Monday 19 March 2007

Open DOCX using C# to extract text for search engine

Parsing text-content out of different file formats for Searcharoo (or other search engines) can be accomplished a number of ways, including writing your own parser (eg. not too difficult for Html) or using an IFilter loader.

However there's always going to be new document types or formats where you want to build a custom parser... and today the new Word 2007 DOCX format is an example: I don't have Word 2007 installed on my PC so I doubt there's any IFilter implementations for it lying around here either.

A bit of background: the DOCX format is basically a ZIP file containing a directory-tree of Xml files, and from what I can gather the main body of a (Word 2007) DOCX file is located in word/document.xml within the main ZIP archive.

Using a .NET ZIP library based on System.IO.Compression it's relatively simple to open a DOCX file, extract the document.xml and read the InnerText, like this:
using System;
using System.IO;
using System.Xml;
using ionic.utils.zip;
... your code to populate the DOCX filename here ...
using (ZipFile zip = ZipFile.Read(filename))
{
MemoryStream stream = new MemoryStream();
zip.Extract(@"word/document.xml", stream);
stream.Seek(0, SeekOrigin.Begin); // don't forget
XmlDocument xmldoc = new XmlDocument();
xmldoc.Load(stream);
string PlainTextContent = xmldoc.DocumentElement.InnerText;
}
If you're using NET 3.0, the System.IO.Packaging.ZipPackage class is probably a better bet than the open source ZIP library for 2.0.

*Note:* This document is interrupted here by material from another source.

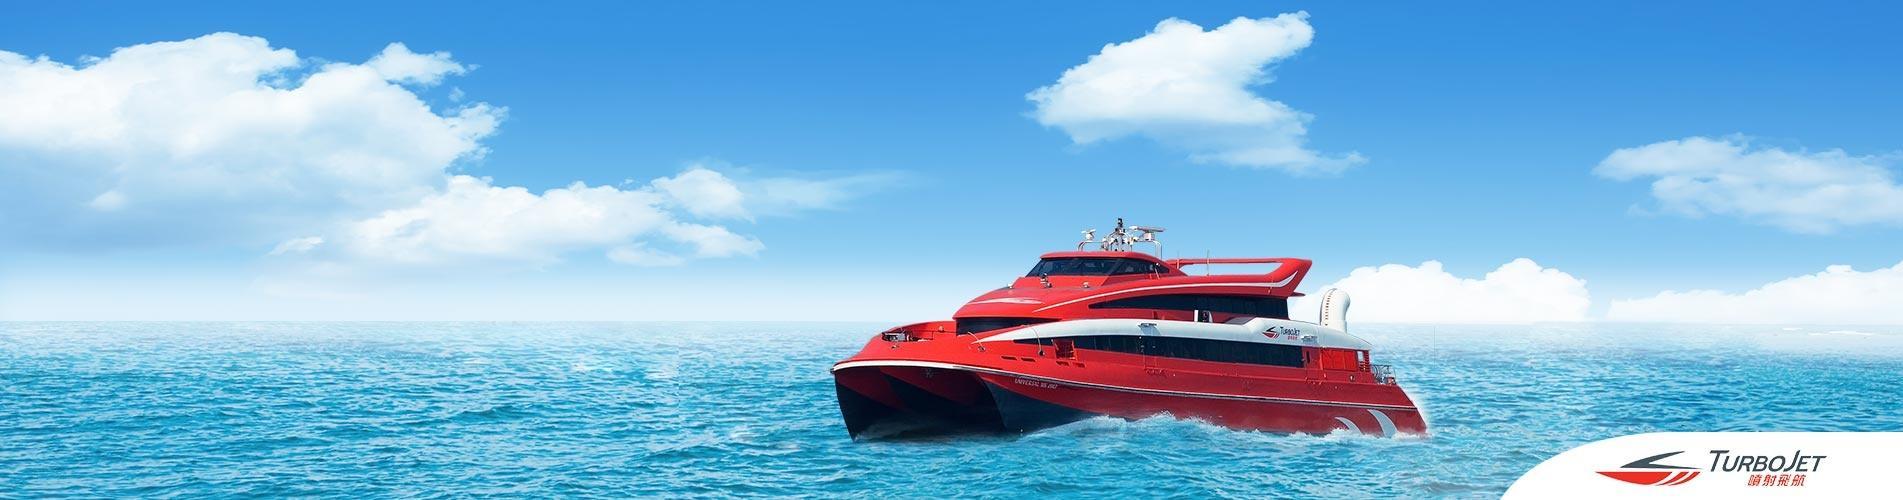 噴射飛航船票 - 屯門->珠海

Now to do some reading on XLSX and PPTX formats...

6 comments:

  1. PlainTextContent contains only the plain text or along with all the formating? such as bold, italic, list and all that stuff? if not is there anyway to get the text along with all the formating?

    ReplyDelete
  2. string packagePath = @"c:\tmp\test.docx";
    using (Package package = Package.Open(packagePath,FileMode.Open) ){

    PackagePart packagePart = package.GetPart(new Uri("/word/document.xml", UriKind.Relative));
    Stream stream = packagePart.GetStream();
    stream.Seek(0, SeekOrigin.Begin); // don't forget
    XmlDocument xmldoc = new XmlDocument();
    xmldoc.Load(stream);
    string PlainTextContent = xmldoc.DocumentElement.InnerText;
    }

    ReplyDelete
  3. Why is it not showing the end of line. It joins the last and first words of line. Thus I cannot search these words. Please help me with this.

    ReplyDelete
  4. Hey Muhammad,
    I think this property - xmldoc.DocumentElement.InnerText - just removes all <elements> and concatenates the resulting strings together.
    Probably what you need to do is something like this [note: pseudocode, not tested]:

    string PlainTextContent=""; // or StringBuilder
    foreach (XmlNode node in xmlDoc.DocumentElement)
    {
    PlainTextContent += node.InnerText + " ";
    // the space will seperate adjacent node-text
    }

    ReplyDelete
  5. Can u please explain the references for Package and Packagepart

    ReplyDelete
  6. Assembly: WindowsBase (in WindowsBase.dll)
    Namespace: System.IO.Packaging

    ReplyDelete

Note: only a member of this blog may post a comment.